Dépassés certainement par le jusqu’au-boutisme de leurs pairs, certains syndicats de base ont pris leurs responsabilités. Des levées de motion de grève s’observent depuis lundi au niveau des enseignements maternel, primaire et même supérieur, contre la volonté des interlocuteurs du Gouvernement. Une situation qui affaiblit les centrales et les oppose à leurs syndiqués.
Au Bénin, les responsables syndicaux ne parlent plus le même langage. Ils sont divisés sur la crise qui mine le secteur de l’éducation depuis quelques mois. Alors que les secrétaires généraux des centrales syndicales entretiennent un bras de fer avec le Gouvernement, des syndicats de base se désolidarisent du mouvement et appellent leurs syndiqués à la reprise du travail. Tout a commencé lundi soir, avec l’Intersyndicale de la maternelle et du primaire qui a levé sa motion de grève, se basant sur les efforts faits par le Gouvernement. Des communiqués et contre-communiqués ont été diffusés. Mardi, ce fut le tour d’un des syndicats du supérieur qui a, lui aussi, retiré sa motion de grève, invitant ses camarades à reprendre les cours.
L’information est allée loin et dans certaines écoles, les élèves et écoliers répondent présents déjà. Les directeurs d’école essayent de les contenir en attendant le retour des enseignants. Sur les réseaux sociaux, c’est la guerre des communiqués. Les syndicats ayant retiré leur confiance aux centrales multiplient les appels à la reprise. Ceux qui sont dans le radicalisme dénoncent les patriotes. Ils font croire aux enseignants que ceux qui ont retiré leur motion de grève ont été corrompus.
Cette situation a mis en difficulté les responsables des centrales syndicales qui se sont lancés, depuis hier mercredi 21 mars 2018, dans une course de remobilisation de la base. Plus de repos, car ceux qui leur ont donné mandat pour agir en leur nom les lâchent en plein combat. Pour qui se battent-ils finalement, si à la base, l’appel à la reprise des chemins de classe continue d’être lancé ?
Des centrales et confédérations inefficaces ?
Un vrai problème se pose, au regard de la situation qui prévaut au sein des organisations syndicales. Les responsables des centrales, à part quelques-uns, sont, pour la plupart, de nouveaux élus. Ils ont été investis, il n’y a pas longtemps, et sont pratiquement à leur vraie épreuve de négociations. Au temps de Guillaume Atingbé, Gaston Azoua, Pascal Todjinou et même Paul Essè Iko, on se rappelle de comment les choses évoluaient. D’abord, ils démarrent leurs luttes avec de la méthode. Ensuite, ils prennent toutes les précautions et épuisent souvent toutes les voies de recours avant de lancer le mouvement de grève.
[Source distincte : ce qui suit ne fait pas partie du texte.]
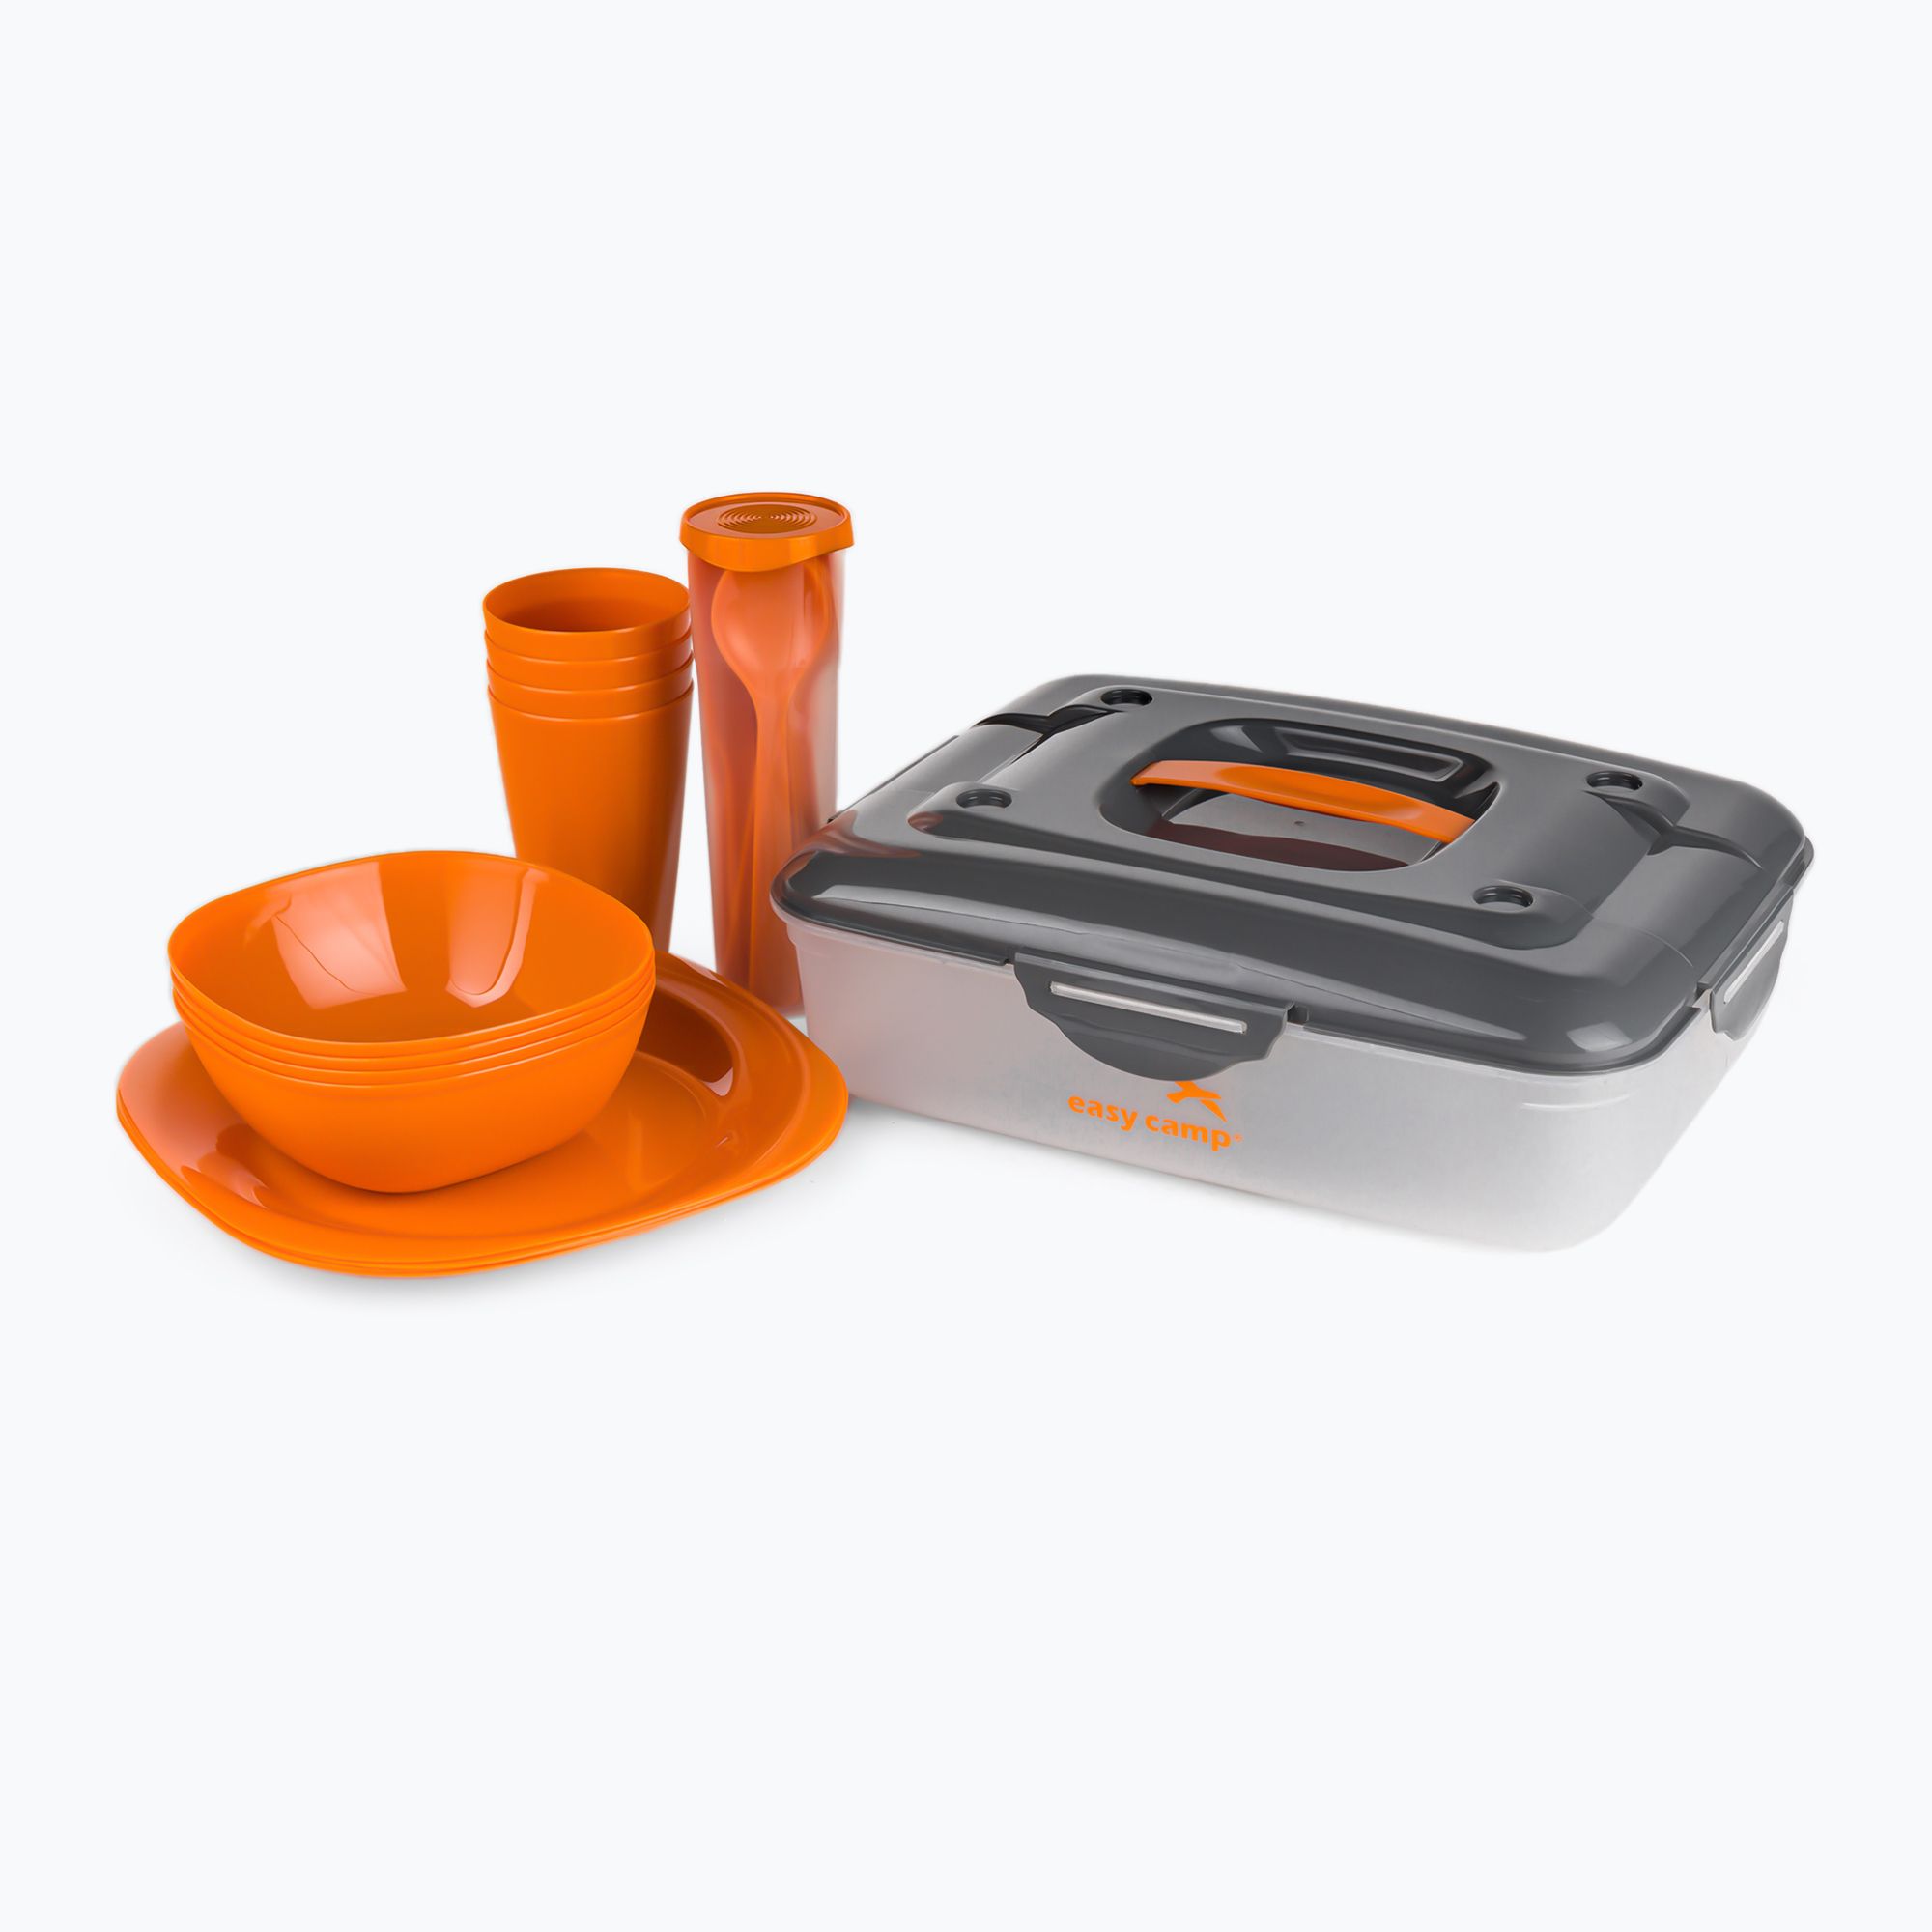 Camp Cerf Persons hiking Easy Box 680162 4 orange Picnic set cookware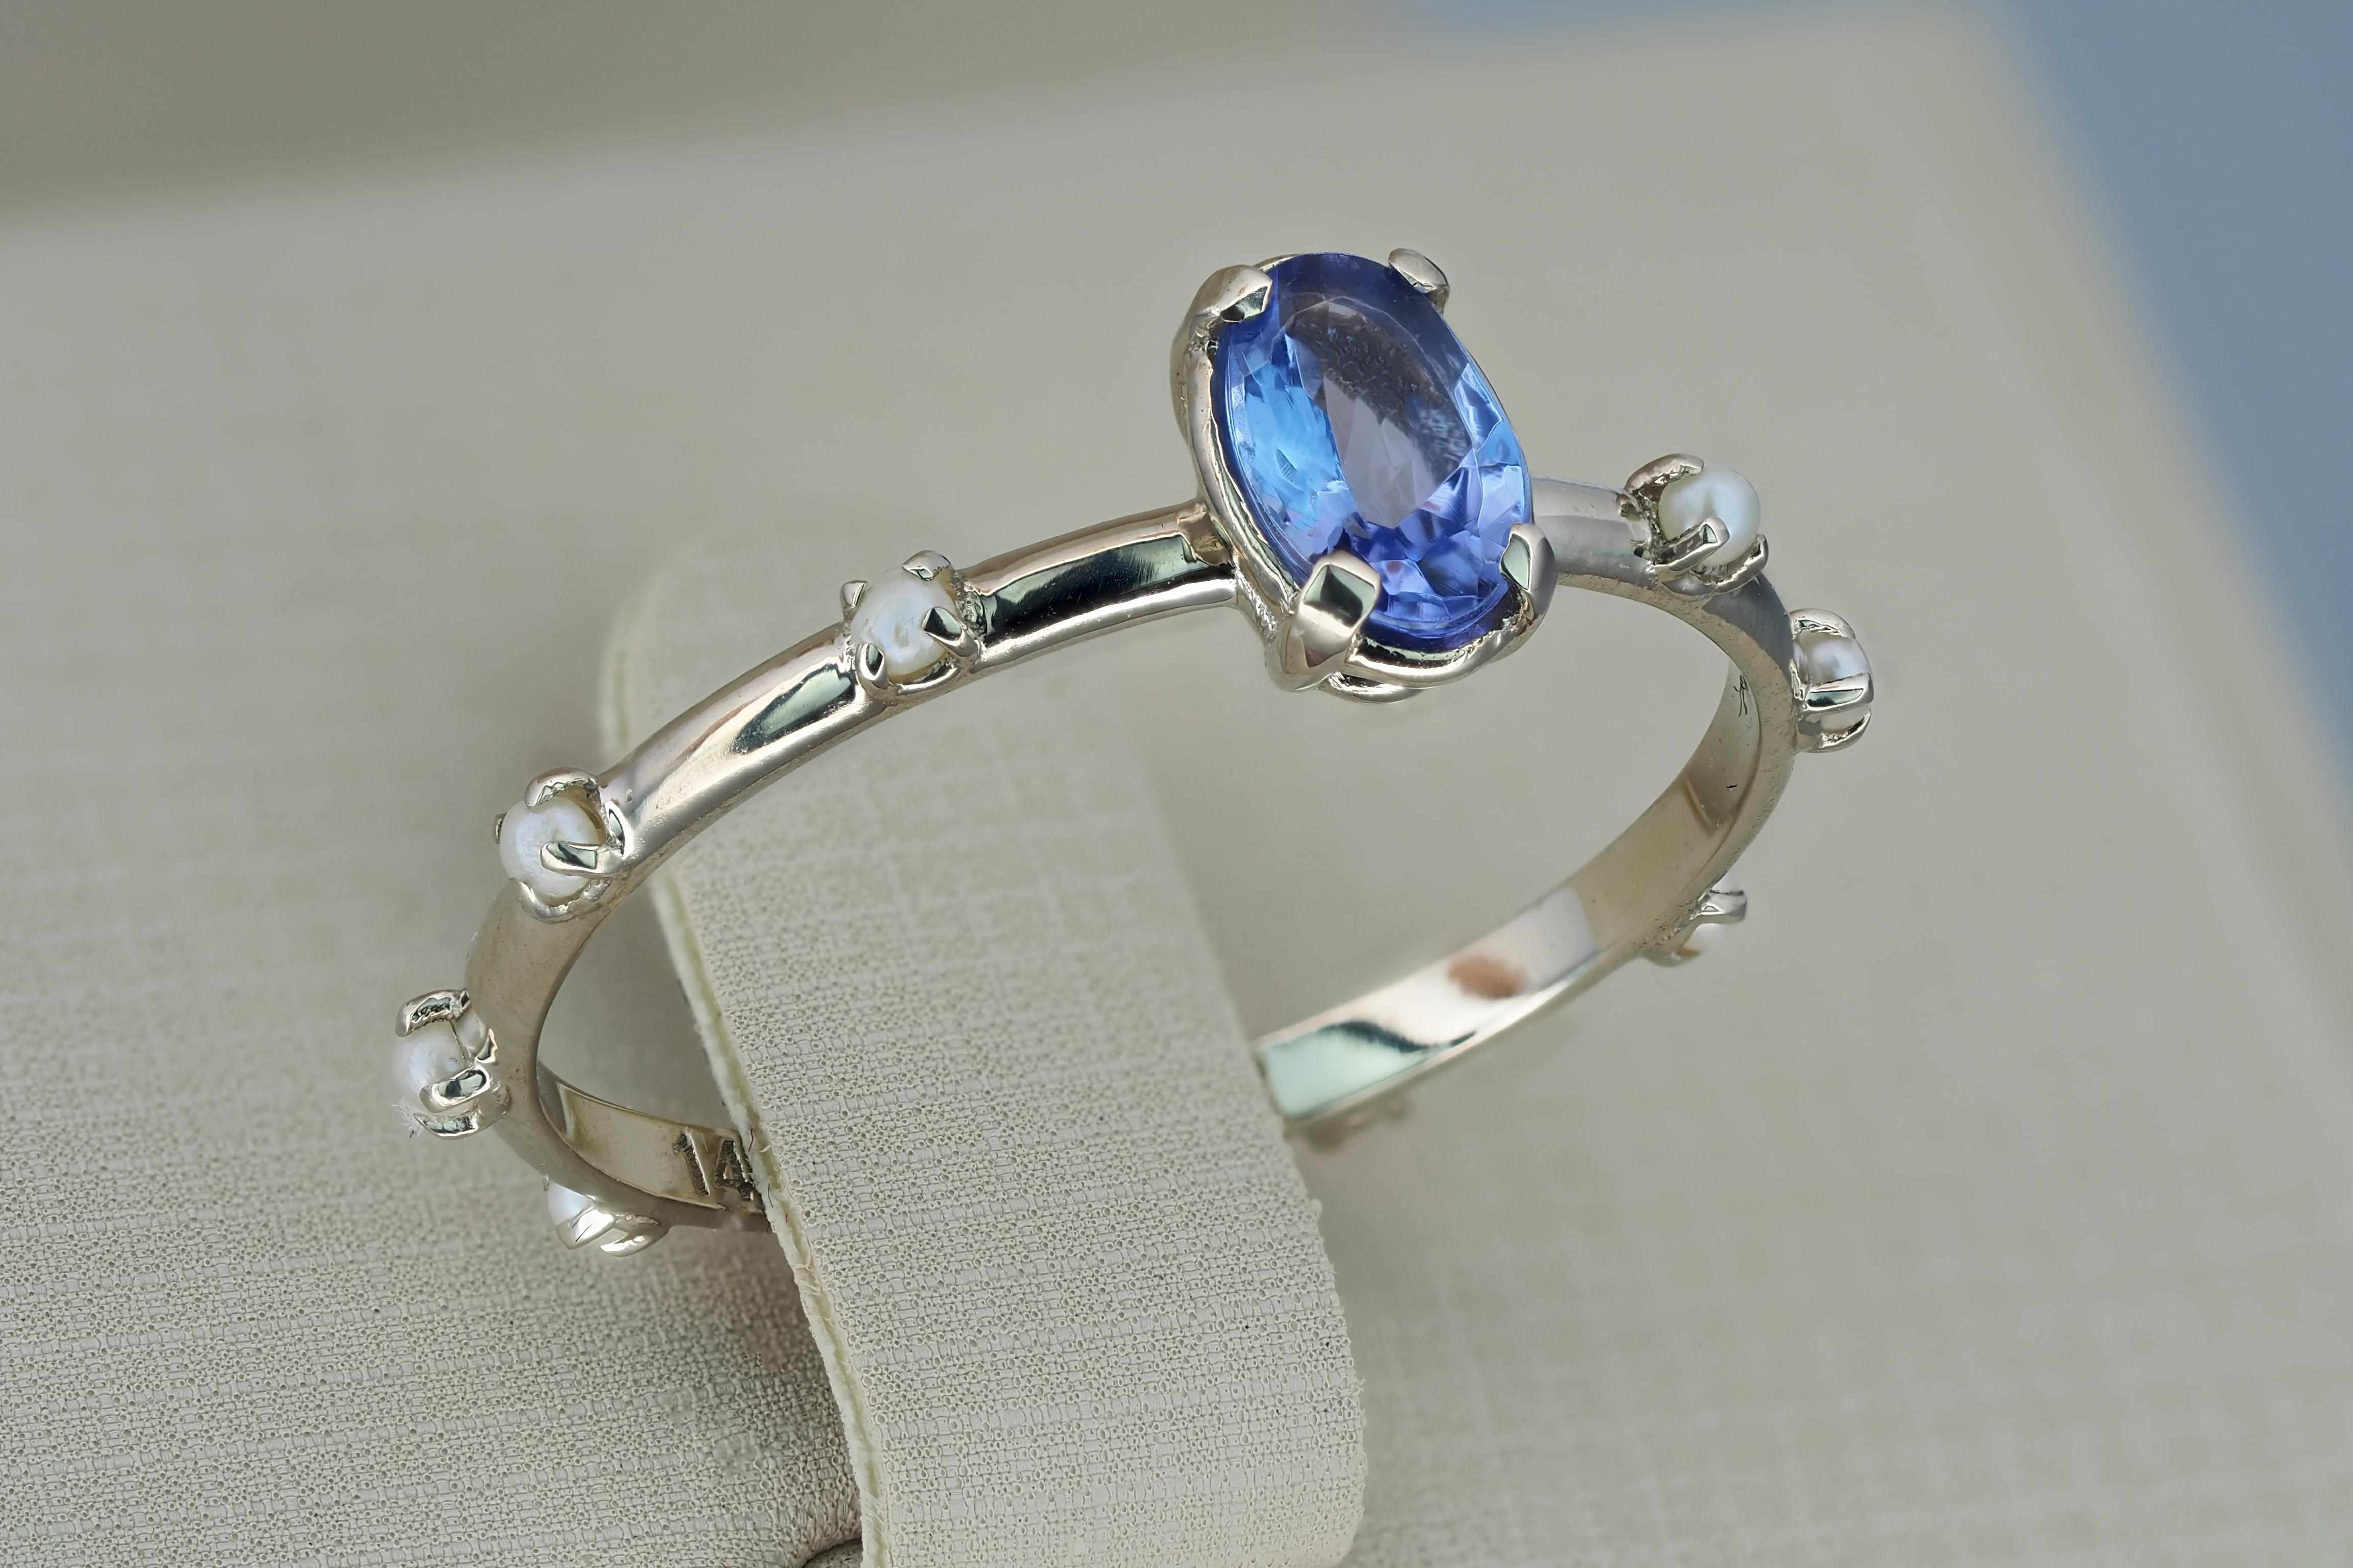 For Sale:  Tanzanite and pearls 14k gold ring. Real tanzanite gold ring.  3

Parfois, ils vont jusqu’à organiser des tournées d’information avant de lancer les grèves. Certainement qu’ils avaient un bâton magique, mais ils avaient l’art de la négociation. Jamais ils n’étaient en déphasage avec la presse et l’opinion publique dans leurs luttes, comme c’est le cas depuis quelques semaines avec leurs successeurs. Et mieux, ils ne laissaient pas souffrir leurs syndiqués autant avant d’obtenir des satisfactions.
Qu’est-ce qui se passe aujourd’hui, avec ceux qui sont là en ce moment pour que des syndicats de base soient obligés de se désolidariser ? Un problème d’incompétence, d’inefficacité ou d’expérience ? Difficile de l’affirmer. Seulement, on remarque une difficulté à maîtriser la troupe depuis quelques jours, et à cette allure, la suite pourrait ne pas leur profiter.
Le Gouvernement peut maintenant radier
Sans doute, les syndicalistes offrent des moyens au Gouvernement pour sévir. Un syndicat a des syndiqués, connus et enregistrés au Ministère de l’intérieur. Les motions ne sont valables que lorsqu’elles sont signées des syndicats et d’autres organisations. Un enseignant dont le syndicat de base a rapporté la motion de grève est-il encore en droit de manquer les cours sans aucune sanction ? Une question dont la réponse devrait amener chaque enseignant à examiner sa position et voir s’il lui est possible de poursuivre ou non la grève. Le Gouvernement pourrait prétexter des motions de suspension pour faire sanctionner des enseignants grévistes en allant au-delà de la défalcation des salaires. Seulement, le Gouvernement, sans réfléchir et demeurant ferme, peut voir ce qui est possible de son côté pour que cesse cette crise qui n’arrange personne.